Thursday, July 27, 2006
Mother May Assert Fatherhood of Non-Party in Paternity Suit—C.A.
Panel Rules Woman Had Standing to Raise Presumptions of Paternity on Behalf of Her Husband and Child’s Apparent Father
By TINA BAY, Staff Writer
A child’s mother has standing in a paternity suit to assert statutory presumptions of fatherhood on behalf of a non-party individual, this district’s Court of Appeal has ruled.
Div. Four Tuesday unanimously reversed a paternity determination by Los Angeles Superior Court Commissioner Ann Dobbs, who rejected the paternity claim of a child’s mother’s husband—a non-party—and concluded that the child’s biological father was the presumed father.
The panel remanded the case and ordered the trial judge to make the husband a party to the proceedings and properly weigh the competing paternity claims.
From the time she was born in 2001, Sienna, as the court identified her, lived with her mother, identified only as Suedi D., and her mother’s now-husband—they wed in 2003—identified only as Anthony O.
At the time of Seanna’s birth, the identity of Seanna’s biological father was unknown, because Seanna had been conceived during the time that then-15-year-old Suedi was engaging in sexual relations with both Anthony, then 29, and another man identified as Gabriel P., then 21. Suedi had led each man to believe he was the child’s father, but ultimately pursued a relationship with Anthony because Gabriel expressed reluctance to marry her.
Anthony, who began living with Suedi in her mother’s home shortly before
Seanna was born, was present during her birth, and soon thereafter executed a voluntary declaration of paternity identifying himself as her father.
Gabriel knew about Suedi’s due date and attempted to visit Seanna at the hospital, but Suedi prevented him from seeing the baby and subsequently precluded him from having contact with her after allowing several initial visits. Suedi eventually told Gabriel he was not Seanna’s father, stating falsely that she had test results to prove it, and asked him not to contact her or Seanna any further.
A December 2001 paternity test done at Anthony’s request revealed that Anthony was not Seanna’s father.
In the paternity action that Gabriel filed soon thereafter, Dobbs ordered genetic testing that established Gabriel was Seanna’s biological father, and then ruled that Gabriel was both the biological and presumed father of Seanna.
Declining to entertain Anthony’s competing paternity claim because he was not a party to the action, and setting aside his voluntary declaration of paternity, Dobbs reasoned that Gabriel was entitled to establish his paternity because Suedi’s conduct had unilaterally precluded him from meeting the statutory requirements for becoming a presumed father.
The court of appeal agreed that Gabriel was entitled to establish his paternity, but concluded Dobbs erred in failing to address whether Anthony was a presumed father under Family Code Sec. 7611(c)(1) and (d).
Subdivision (c)(1) raises the presumption of natural fatherhood where the man is married to the child’s mother and is named as the child’s father on the child’s birth certificate, and subdivision (d) provides that a man is the presumed father of a child where he receives the child into his home and openly holds the child out to be his natural child.
These presumptions may be asserted by mothers on behalf of individuals who are not parties to the action, because the Legislature clearly demonstrated the intent to give mothers standing in this regard, the panel concluded on an issue of first impression.
The justices also concluded that Dobbs abused her discretion by setting aside Anthony’s voluntary declaration without joining him as a party to the proceedings.

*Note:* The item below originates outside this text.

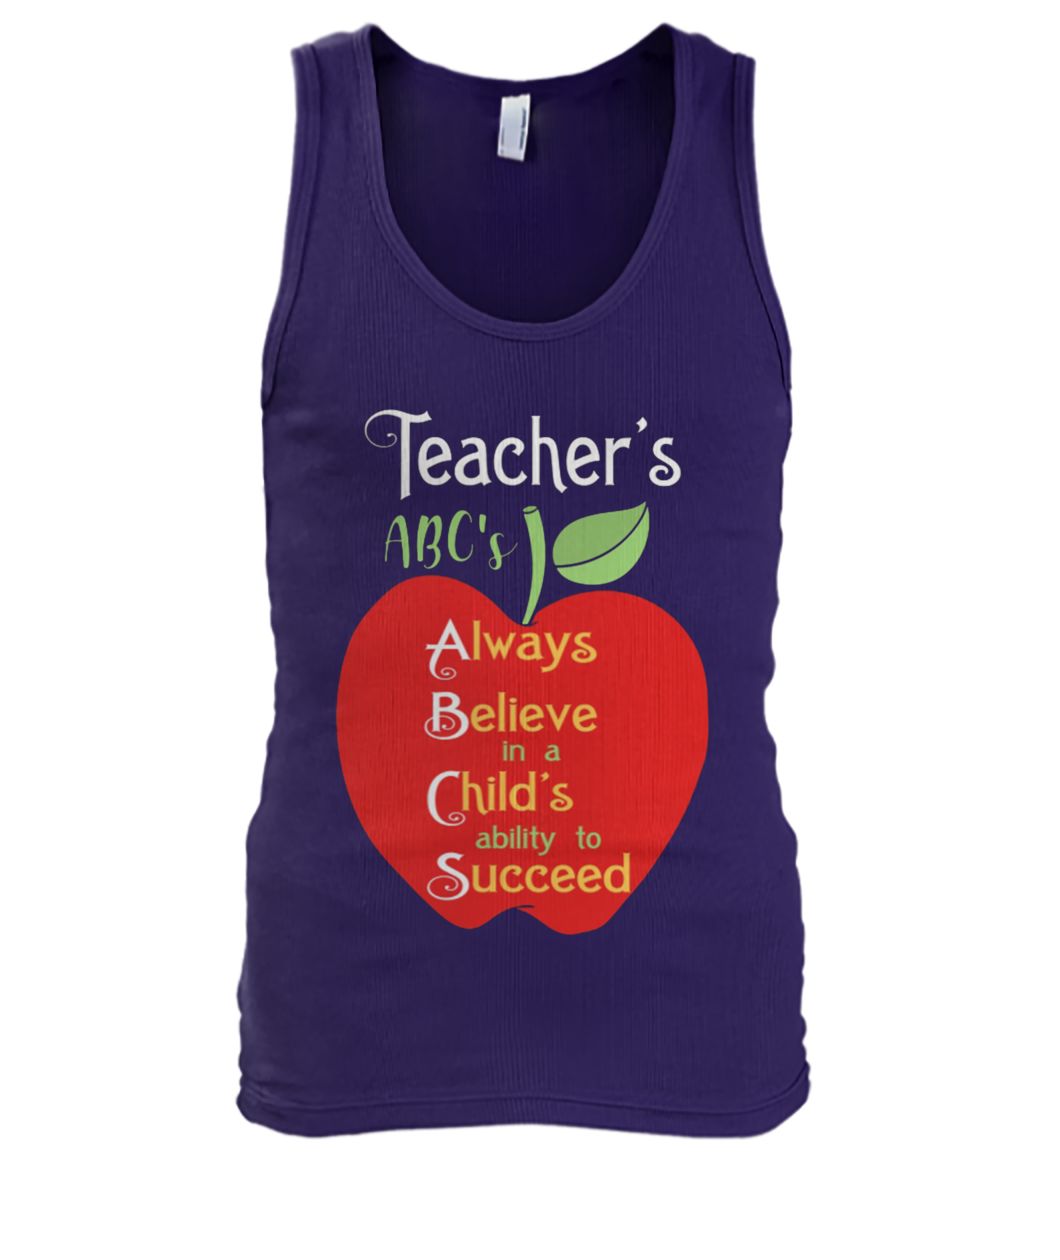 Apple teacher's abc's always believe in a child's ability to succeed men's tank top

Writing for the panel, Justice Nora M. Manella explained:
“Although neither Gabriel nor Suedi formally requested that Anthony be joined as a party, Anthony appeared during the proceedings, and Suedi argued throughout that Anthony was Seanna’s presumed father. The trial court never suggested that Anthony’s absence as a party might be relevant to its ruling until it issued its statement of decision, which recognized Anthony’s claim as presumed father, but set this claim aside primarily because he was a non party.”
Suedi’s appellate counsel, Fullerton attorney Marjorie G. Fuller, told the MetNews that Suedi and Anthony, who reside in Southern California, were “very happy” with the panel’s ruling.
“The fact that now a mother has standing to bring the issue of presumed fatherhood before the court is very significant, because in today’s society there are a lot of men who are not the biological parents of children that they are rearing who previously might not have had the ability to have their claim heard,” Fuller said, adding that if the court’s determination of Gabriel’s paternity had been final, Anthony would have faced great difficulty overturning that presumption in a separate action.
Fuller also remarked that the panel’s decision could have interesting implications in parentage disputes involving same-sex relationships.
Gabriel’s attorney, John A. Tkach of the Pasadena firm McMillan & Tkach, could not be reached for comment.